Copy task, pictures excluded: set down exactly the lines from the one containing "Quranic Quotes in English 401" to the end of the data below.

**PROVIDED DATA**:
[Start of Attachment]
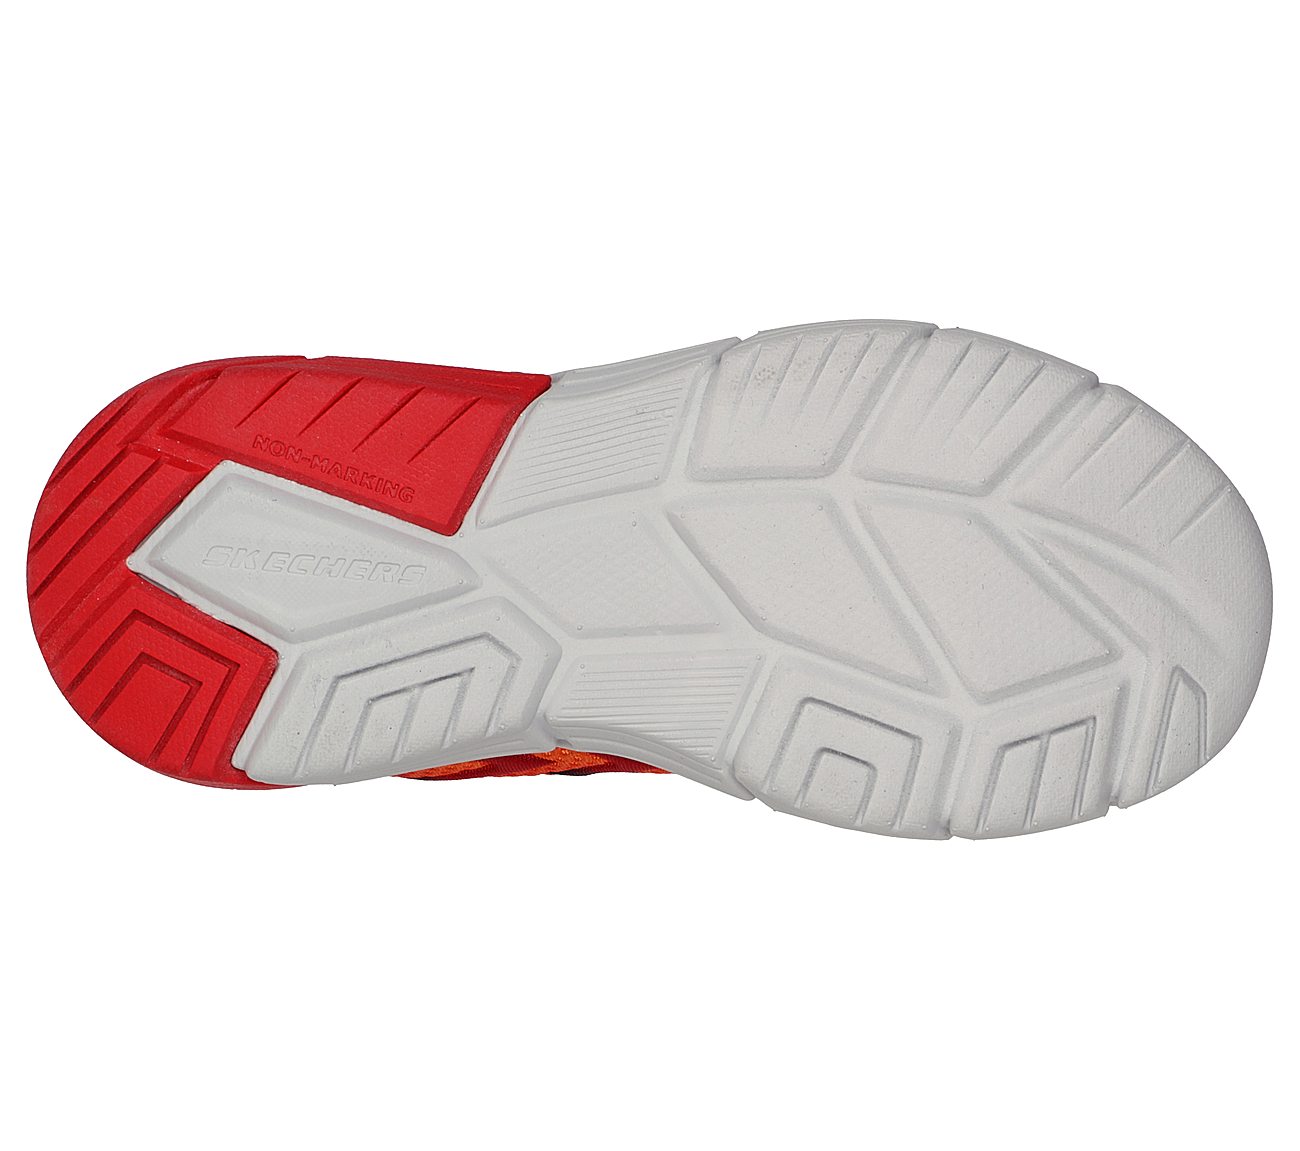 VECTOR-MATRIX - VOLTRONIK, RED Footwear Bottom View
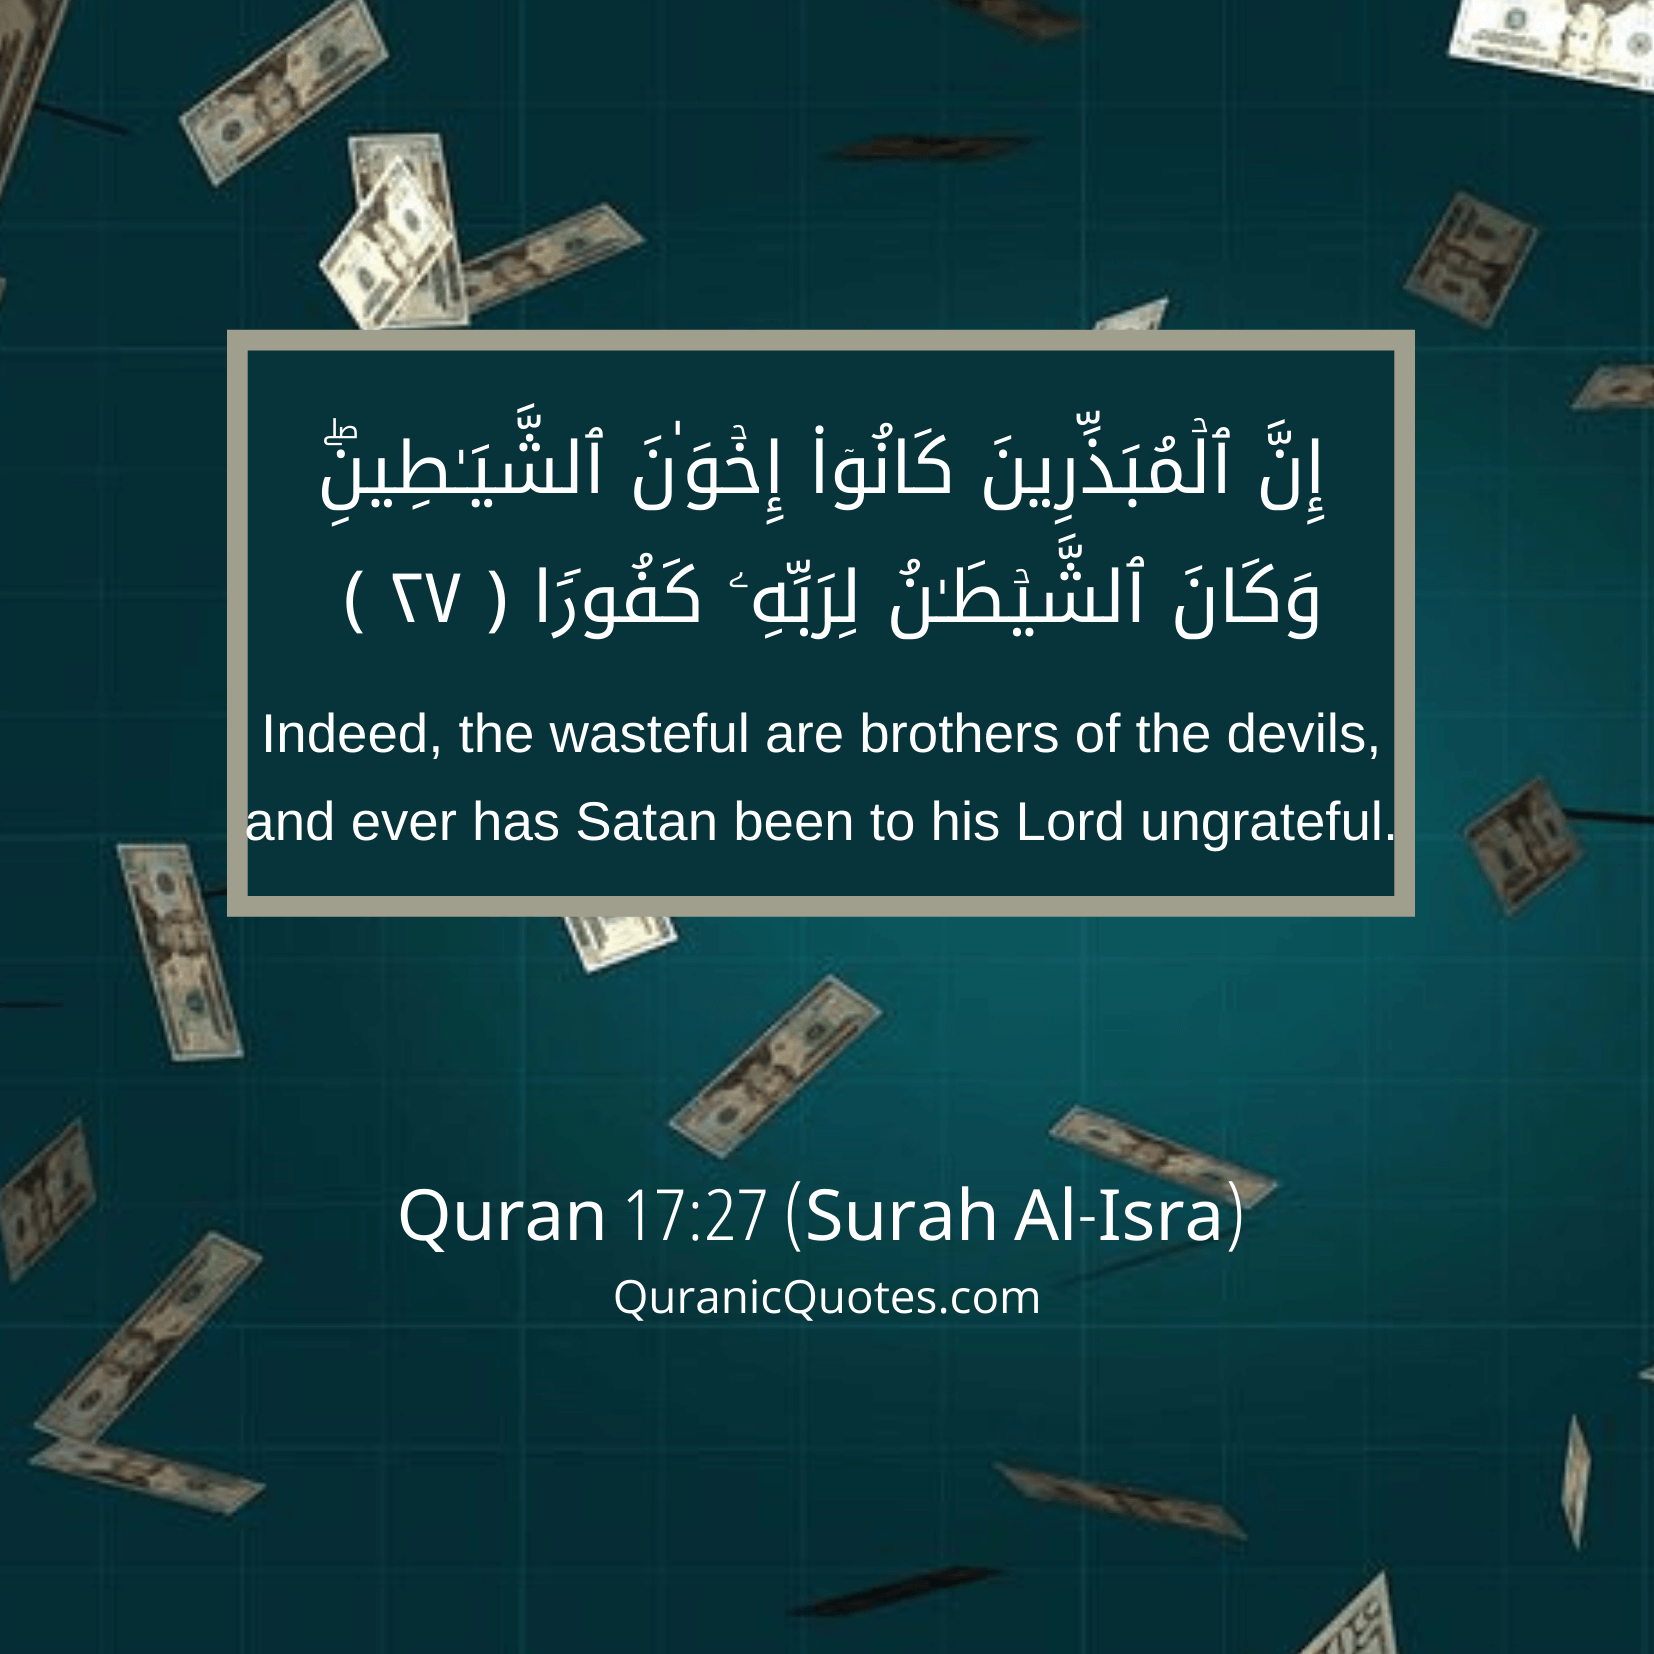 Quranic Quotes in English 401
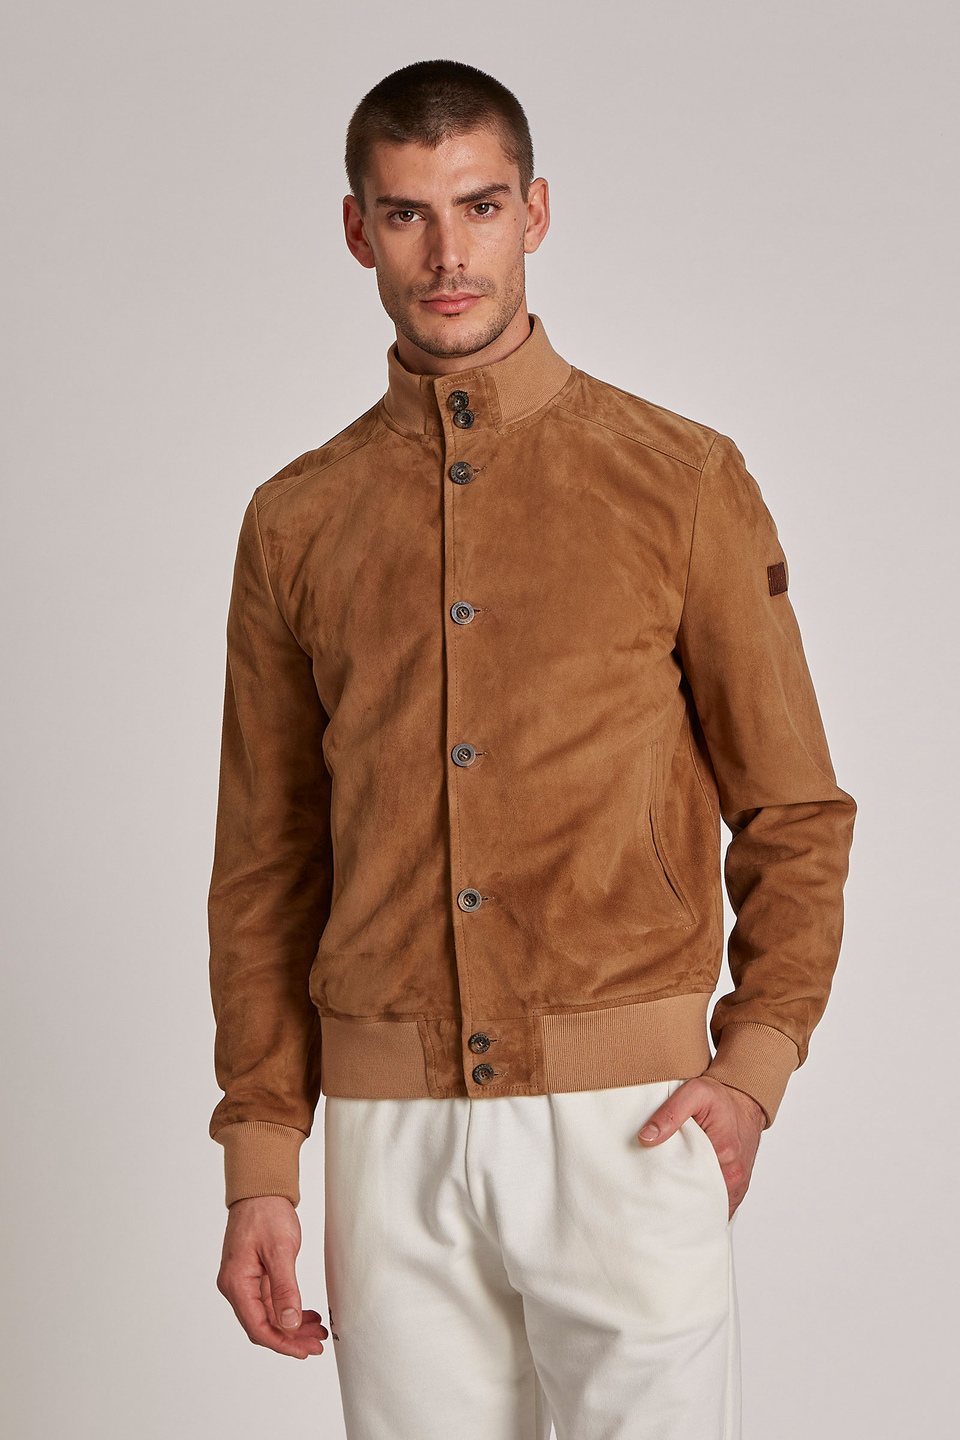 Men's button-up suede bomber jacket - La Martina - Official Online Shop
[End of Attachment]
**ANSWER TO THIS TASK**:
 Quranic Quotes in English 401
 Men's button-up suede bomber jacket - La Martina - Official Online Shop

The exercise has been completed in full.